All of which is an extremely long winded way of saying that Gyu-ho had infrequent success at remaining erect while wearing a condom resulting in infrequent penetrative sexual encounters with Young because the best way to prevent transmission of HIV is through condom usage. But The King of Kings of Avoidant Personalities sent Gyu-ho to his first blood test and withdrew his job application and essentially forced Gyu-ho to break up with him rather than get the second blood test. So it is likely, and honestly very highly likely that any concerns Young had about the lack of sex he and Gyu-ho were having could have been solved by Young getting his bloodwork done and keeping an eye on his viral load.
This of course also assumes that Young is keeping up with pretty meticulously with his treatment regimen, which he most likely is not.
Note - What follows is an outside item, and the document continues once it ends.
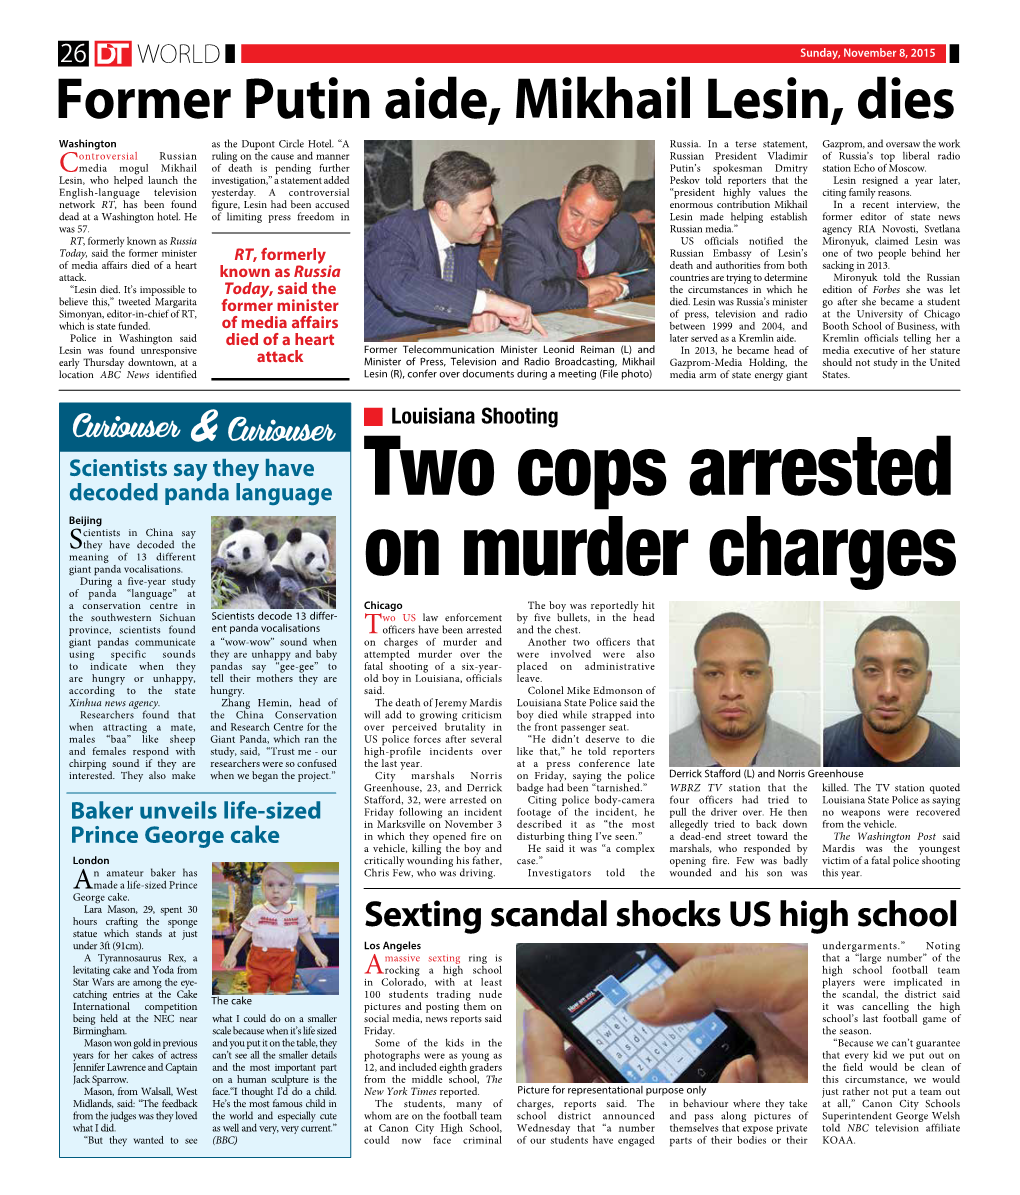 Two Cops Arrested on Murder Charges

Inconsistent medication adherence not only makes it more likely that Young’s viral load would never reach undetectable levels, but also increases his risk of his HIV infection mutating and becoming resistant to antiretroviral treatments. Which is…bad.
So let’s say that his viral load never reached undetectable levels, or they didn’t know U = U, and the condom problem still existed. Maybe it is just a western lens coming in to this, but I think with all the queer media I’ve consumed, with all the queer people I am around on a daily basis the dilemma that Young seems to be carrying around knowing that Gyu-ho wants to have sex and that his CAEP and Young’s status makes that very difficult I see and understand where the barrier comes in. But because Young never talks about anything, especially what is troubling him, there is no room to really talk about solutions to that problem. I think about relationship structures like polyamory or open relationships. I think about a number of non-penetrative ways they could have had sex or how they could have used sex toys. But again, I don’t have the cultural context to understand what gay culture is/was like in Korea, and I know these are not solutions that always work for everyone anyways.
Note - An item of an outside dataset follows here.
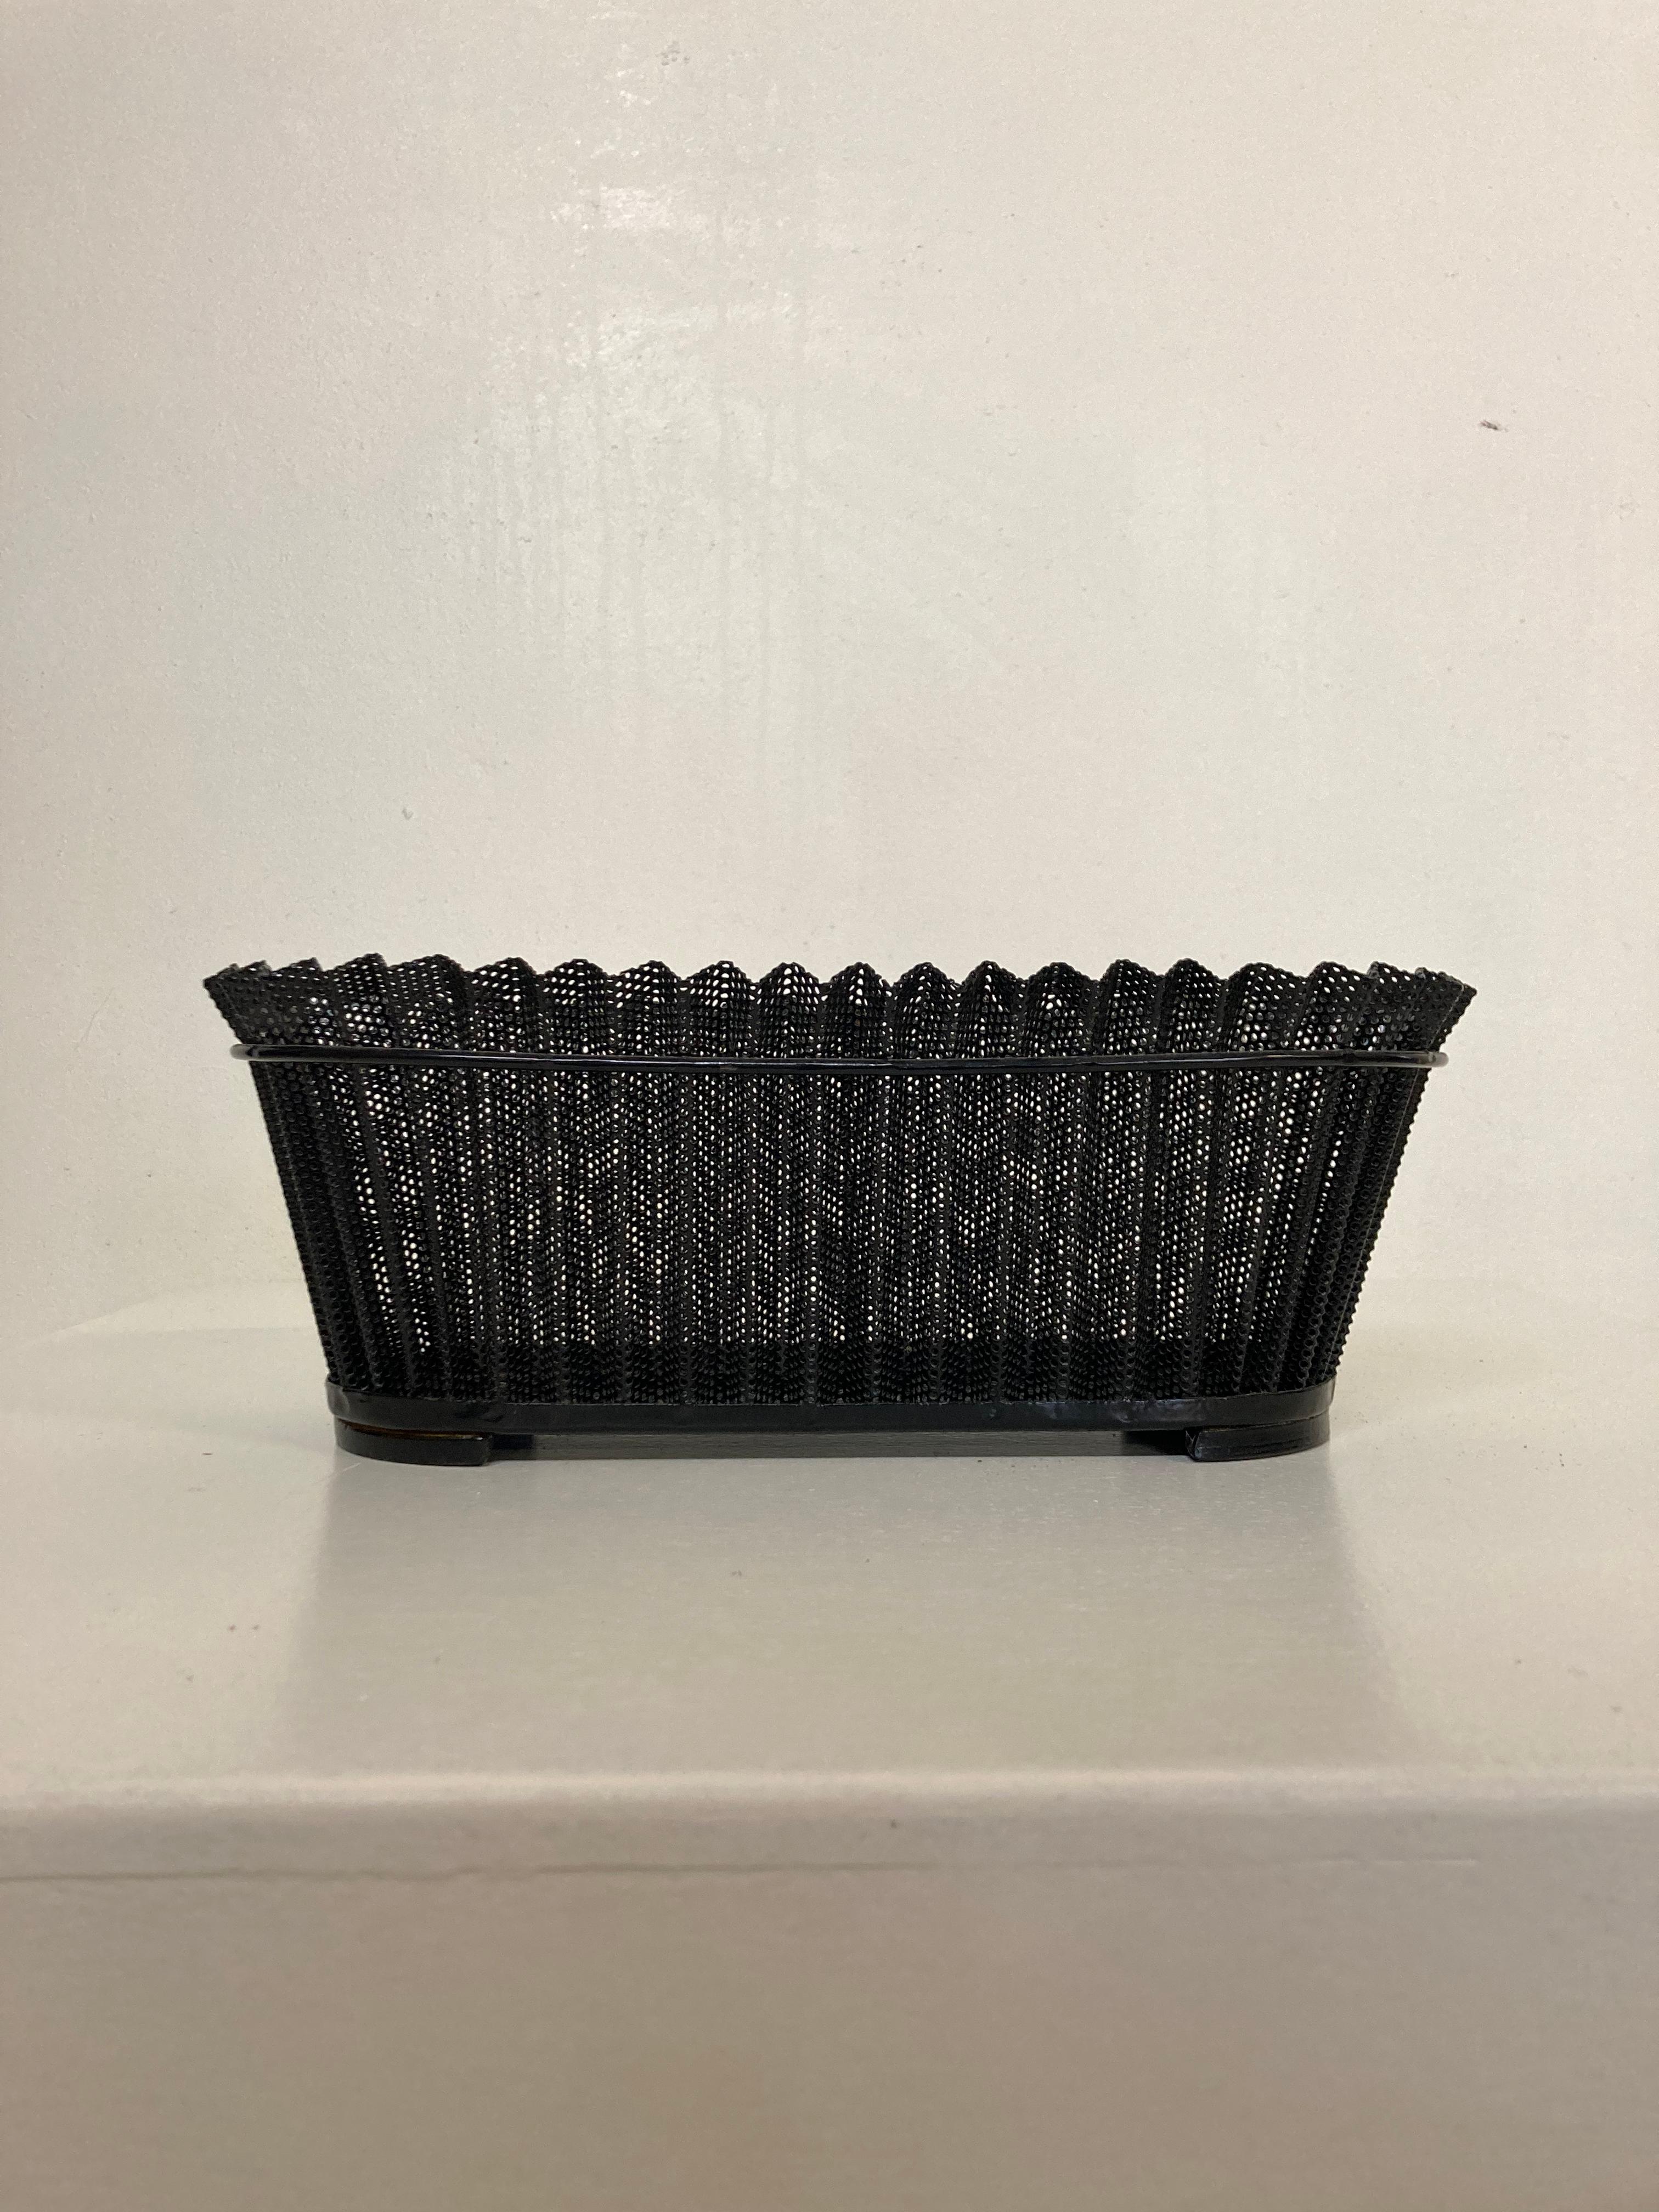 Midcentury modern planter by French designer Mathieu Matégot. 
Black lacquered perforated folded metal (Rigitulle). 

Literature:

But just like we will never know if Young was undetectable before Gyu-ho left for Shanghai, we will never know if alternative solutions to sex would have been feasible for this couple because Young whether through circumstance or his own volition is constantly trapped between a rock and a hard place. He won’t engage in open communication with Gyu-ho, he won’t be vulnerable with Gyu-ho, so he doesn’t know how the lack of sex is impacting Gyu-ho in their relationship. He doesn’t want to experience discrimination based on his HIV status and possibly lose out on a job so instead he blows up all chances of getting that job by withdrawing his application so that he doesn’t have to get tested. Not getting tested means he doesn’t have an accurate gauge of his health, which means he doesn’t have an accurate gauge of how safe it would be to have unprotected sex with Gyu-ho, which perpetuates the cycle.
Young is running from his feelings, running from his pain, his loneliness, his fear. In Part One, Young and Jaehee started to drift apart after Young was not able to treat Jaehee’s abortion with sincerity; in Part Three, Young and Gyu-ho drift apart because Young is so scared of his HIV that he can’t even look it in the eye. He can’t even call it by its name.